Of course, it adds expense to the bill of materials when you add more sensors, data capture, data transmission and the costs of the monitoring center. Why bother? Why incur the expense? GE sees two key value propositions in this. First, it increases reliability of our equipment which is the significant market driver in the Critical Power business. Second, is that it greatly increases the lifetime value of our equipment. Purchase price, runtime costs, service costs and longevity are all key elements in defining the return on investment (ROI) for a UPS. Through better management of a UPS, or any piece of industrial equipment for that matter, a customer can minimize runtime expenses and service costs to improve upon overall ROI. That’s the new baseline for brilliant machines.

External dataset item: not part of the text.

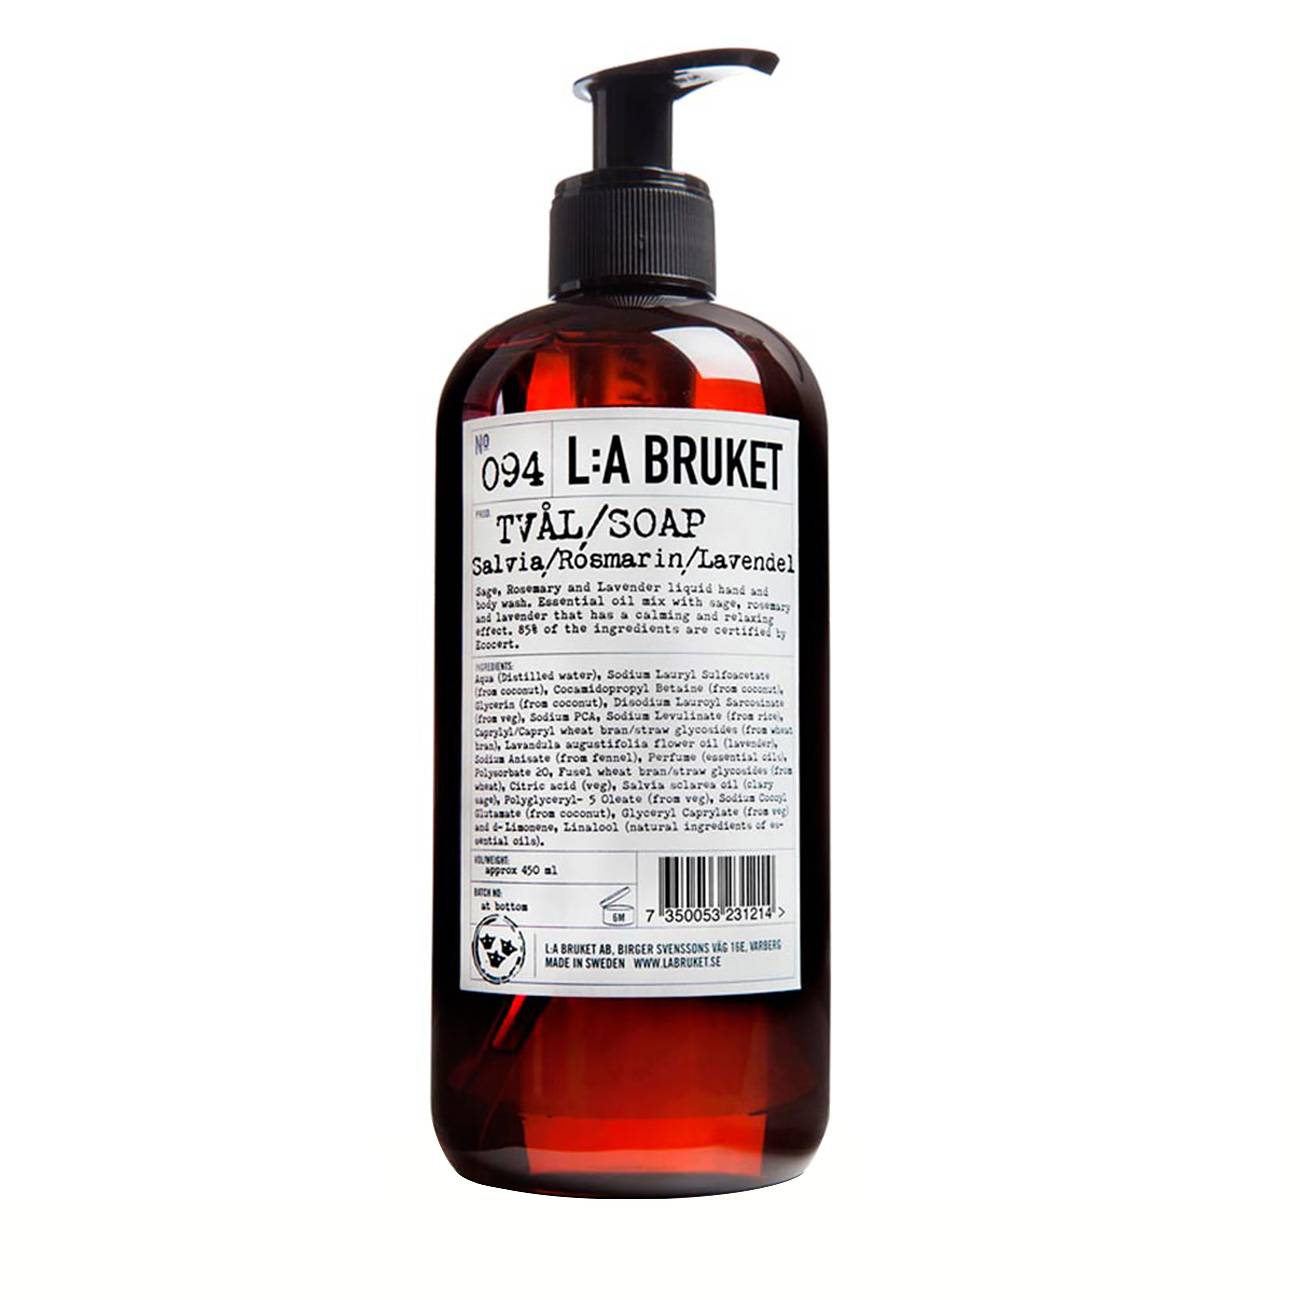 Produs pentru baie L:A BRUKET 094 SOAP SAGE/ROSEMARY/LAVENDER 250ml cu comanda online

Perhaps an example will help illustrate this for you. In an 8 megawatt datacenter our data collection and analytics helped us discover a hidden design issue in the customer’s power distribution network which caused substantial voltage distortions. With a standard technology, a customer would have experienced erratic faults on his servers and never discovered the root cause. With the Industrial Internet, GE was able to analyze and diagnose the problem remotely and show up on site with a repair kit, rather than a debugging kit.

The Industrial Internet is changing the game for all types of industrial equipment, from high value assets like turbines, to more common equipment like a UPS.GE’s drive to create brilliant machines has changed the landscape and how customers view equipment. It has raised the bar and created better returns for customers. In the end, isn’t that what it’s all about?